第3話 泥棒の名は
「初めまして。江崎浩介くん」
「え!? ええと。あの、誰ですか? 何で俺の名前を……」
「あ、ごめんなさい。信じてもらえないかも知れないけど、あたしは冬なんです」
「冬?」
「うん」
「それってどういう意味?」
「そのままだよ。季節の冬ってあるでしょ」
という答えで、ああそうなんだと納得するわけがなかった。
一体こいつは何を言っているんだ? 冬が人間の姿をしているわけがないだろうに。
百歩譲ってこの女が冬だという事を認めたところで、だから俺の名前を知っているという、その謎の理屈に納得できるわけがない。
おそらくこいつは適当な部屋へ忍び込んだ泥棒で、俺の私物を物色しているところを見つかってしまい、開き直ってその場しのぎの言い訳を並べ立てているのだろう。
それにしても、自分が冬だと言い張るのも無理がある話だが、あたら将来のある若い女の子が、その身ひとつで窃盗をしようなんて世も末だな。
間抜けな泥棒に哀れみを抱いた俺は、再び横になって頭まで布団をかぶり、手だけ出して出口のドアを指で示した。

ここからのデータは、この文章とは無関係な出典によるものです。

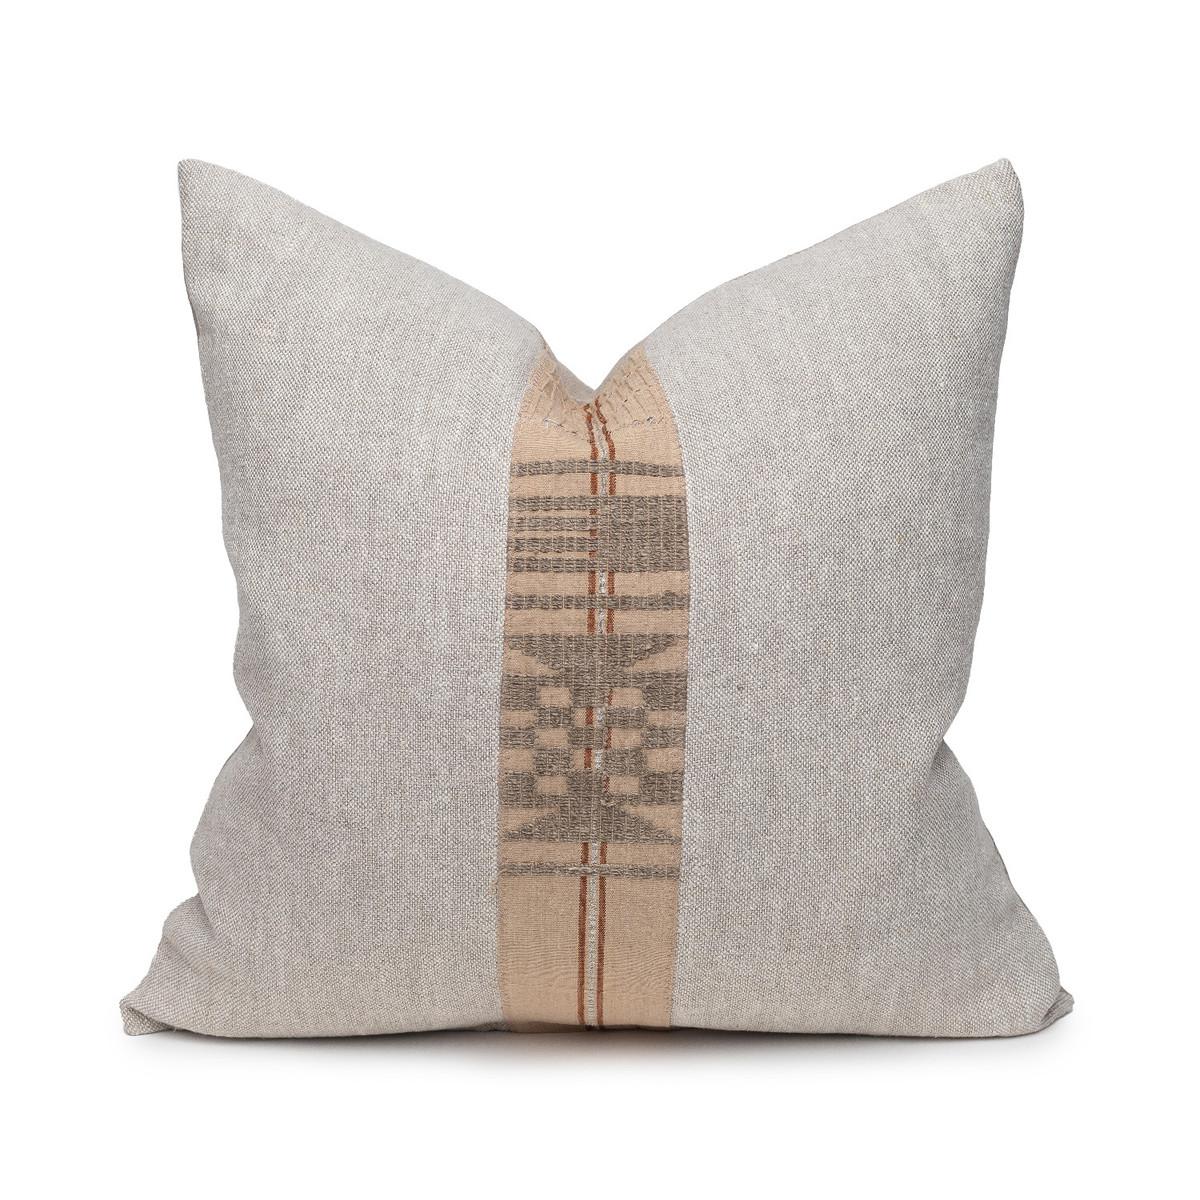 Daku Natural Linen and Aso Oke Pillow - 20- Front View

「断っておくけど、盗むものなんてないぞ。あちらからお帰り」
「ちょっ、ちょっと待ってよ。本当なんだったら。あたしは冬なの」
「分かった分かった。そういう名前なんだろ」
「バカ言わないで」
「バカには言われたくないな」
「バッ……」
バカ呼ばわりされた彼女はよほど頭にきたのか、恐ろしい勢いでかぶっていた布団を剥ぎ取ってきた。
「うわっ、何すんだよ」
「ちゃんとあたしの話を聞いて!」
「カンベンしてくれよ。俺、明日から大学に行く事になってるんだから、寝なくちゃヤバいんだよ。あと言っとくけど、携帯電話は持ってくなよ」
「持ってかないわよ!」
という彼女の怒声と共に、突然、凍えそうなくらい冷たい風が部屋中に巻き起こった。
「さ、寒い! 布団返してくれよぅ」
「あたしの話を聞いてくれたらね」
「何で俺が泥棒の話を聞かなきゃいけないんだよ、お前は居直り強盗か何かか?」
「あたし泥棒じゃないもん! 冬なんだもん」
「まだ言ってるのか、それ。もう通用しないから、いい加減諦めろよ」
「本当だもん……」
と言うと、泥棒女は目に涙を浮かべてベソをかき出してしまった。
いかに泥棒とはいえ、女を泣かせてしまうとさすがにバツが悪い。
もっとも、もしかするとこれは俺を油断させる演技なのかも知れないが、とにかく、このままではいつまで経ってもラチが明かない。
俺は仕方なく、この女の要望を叶えてやることにした。